• **COLLECTED MATERIAL**:
● ● ● ● ● ● ●
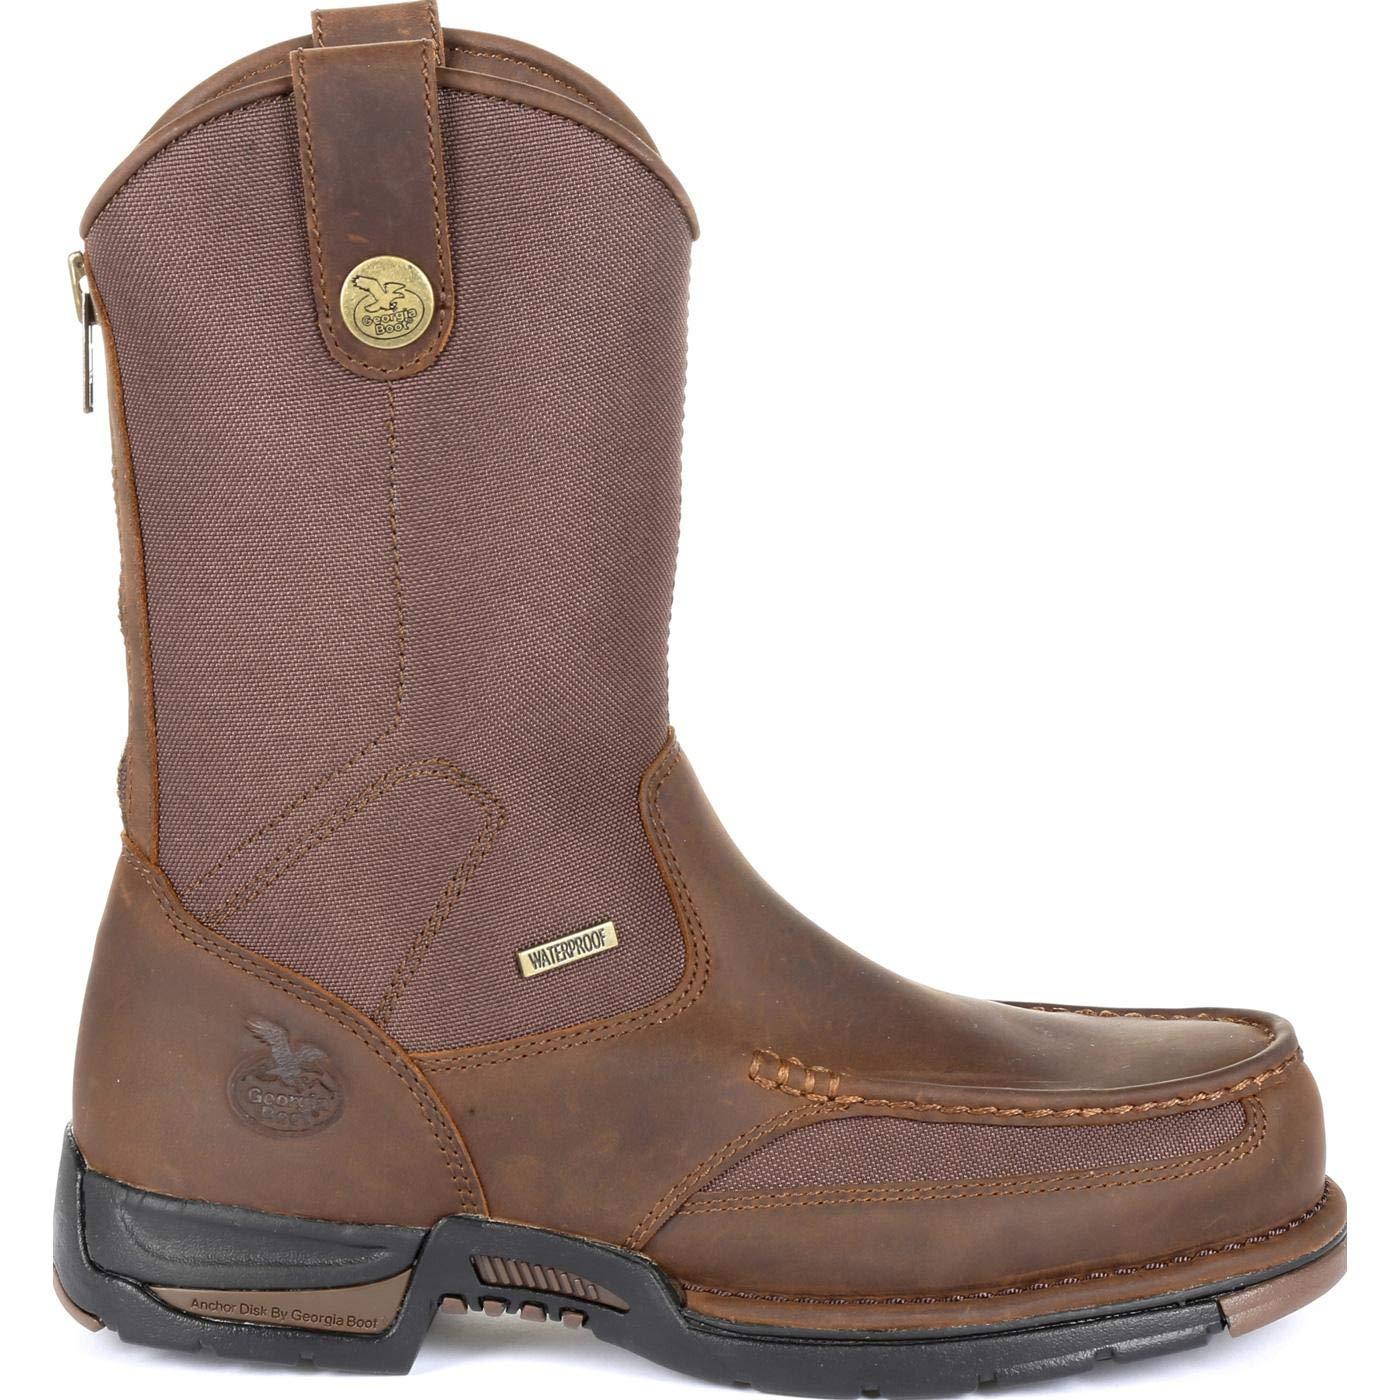 Georgia Mens Boot Athens Waterproof Western Work Moc Toe Brown 14 D
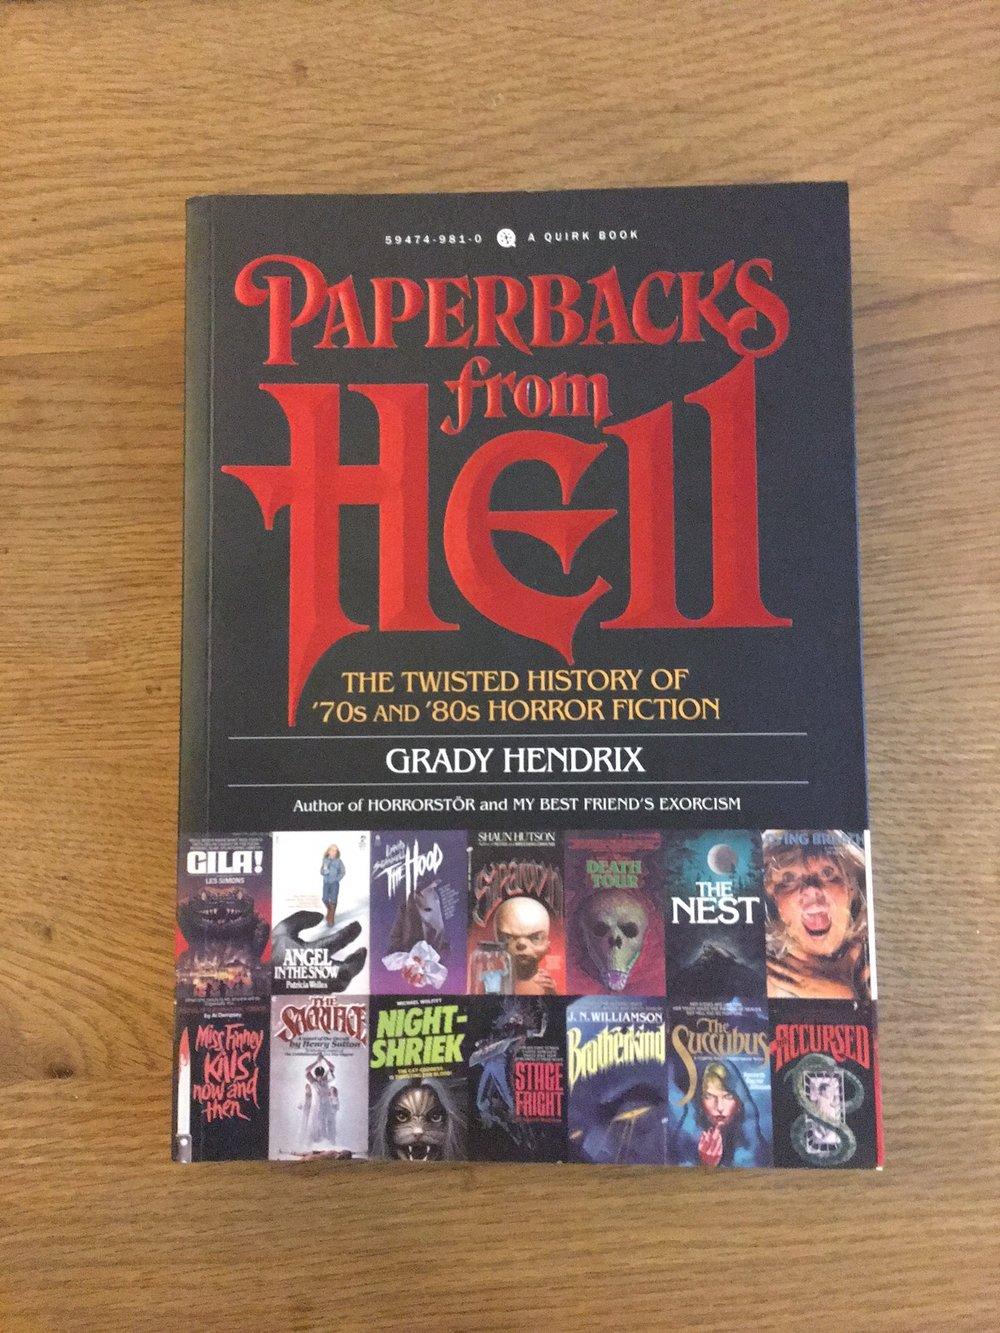 LB - Image - Horror Lounge - paperbacks from hell instagram image.JPG
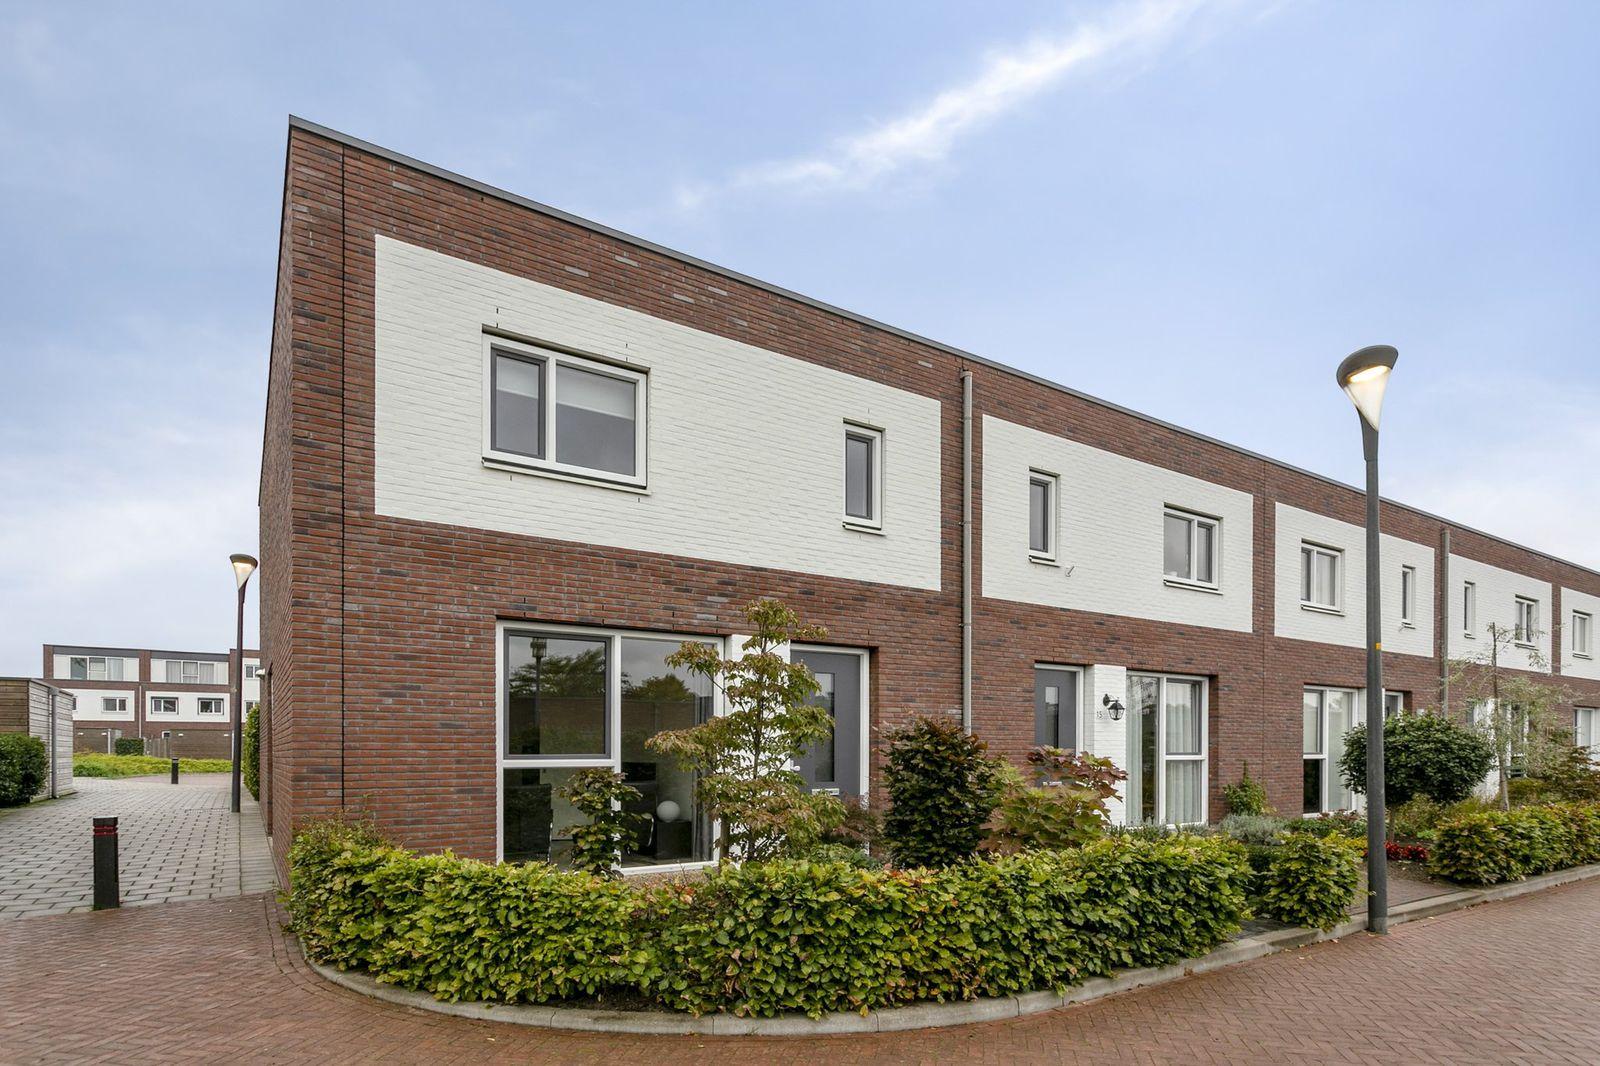 Arnold Kaldenbachstraat 14, Zutphen
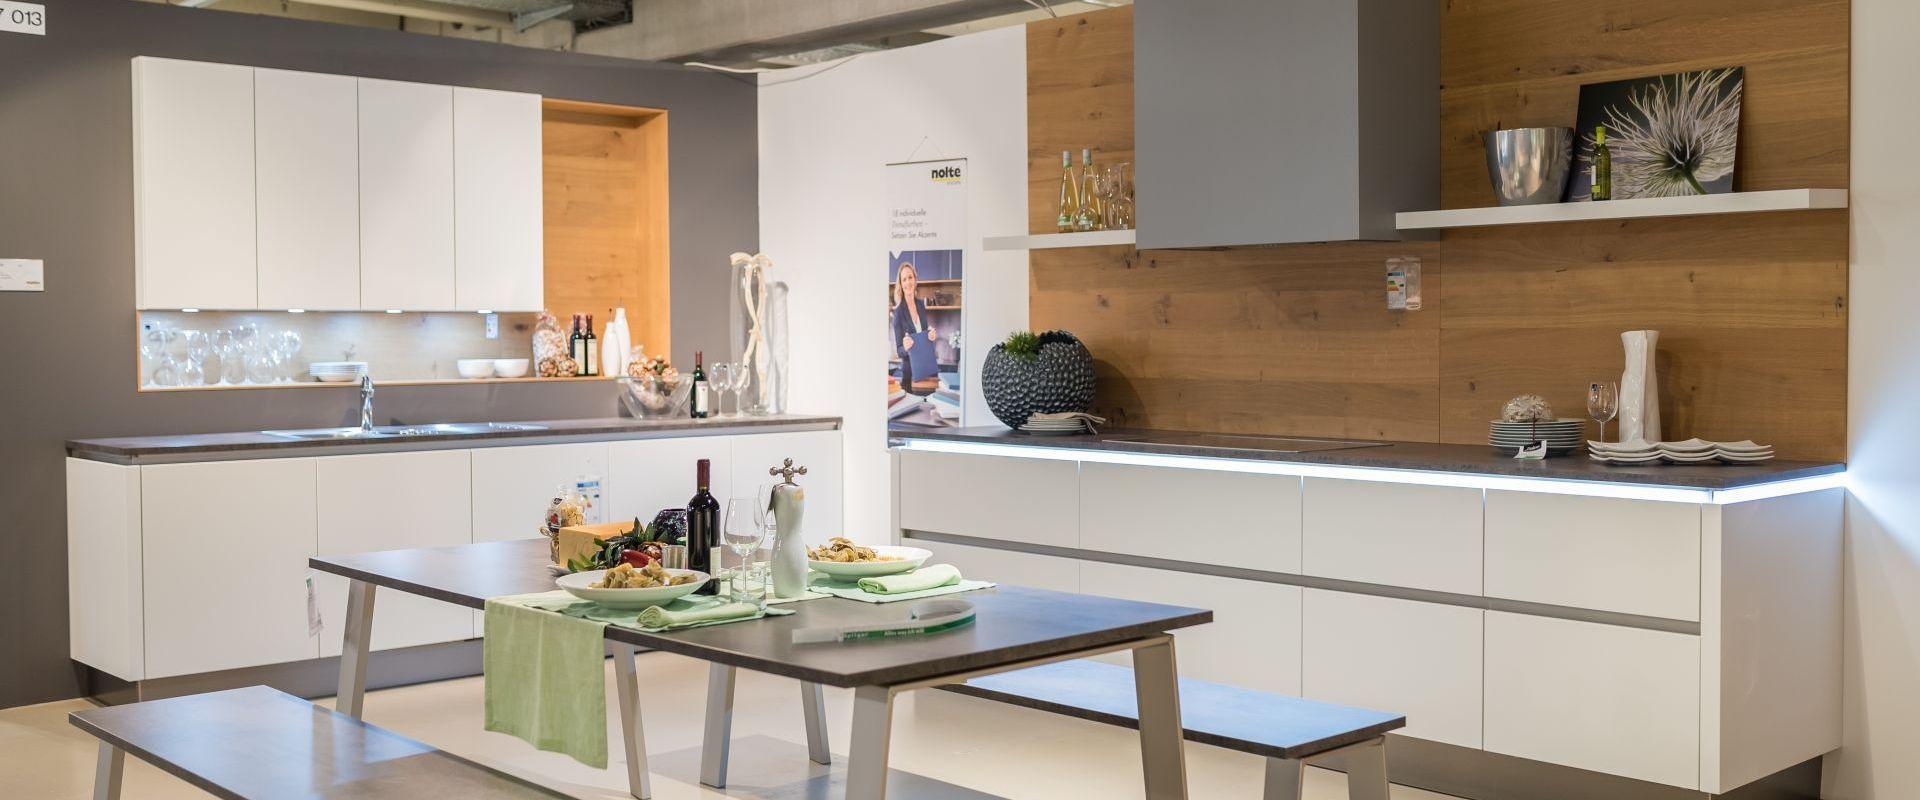 Full Size of Küchen Kche Kaufen Bei Spilger Spilgerde Regal Wohnzimmer Küchen
● ● ● ● ● ● ●
• **THE PROBLEM**: Aside from its pictures, the listing must be given again in full, exactly as it appears.

• **EXERCISE RESPONSE**:
 Georgia Mens Boot Athens Waterproof Western Work Moc Toe Brown 14 D
 LB - Image - Horror Lounge - paperbacks from hell instagram image.JPG
 Arnold Kaldenbachstraat 14, Zutphen
 Full Size of Küchen Kche Kaufen Bei Spilger Spilgerde Regal Wohnzimmer Küchen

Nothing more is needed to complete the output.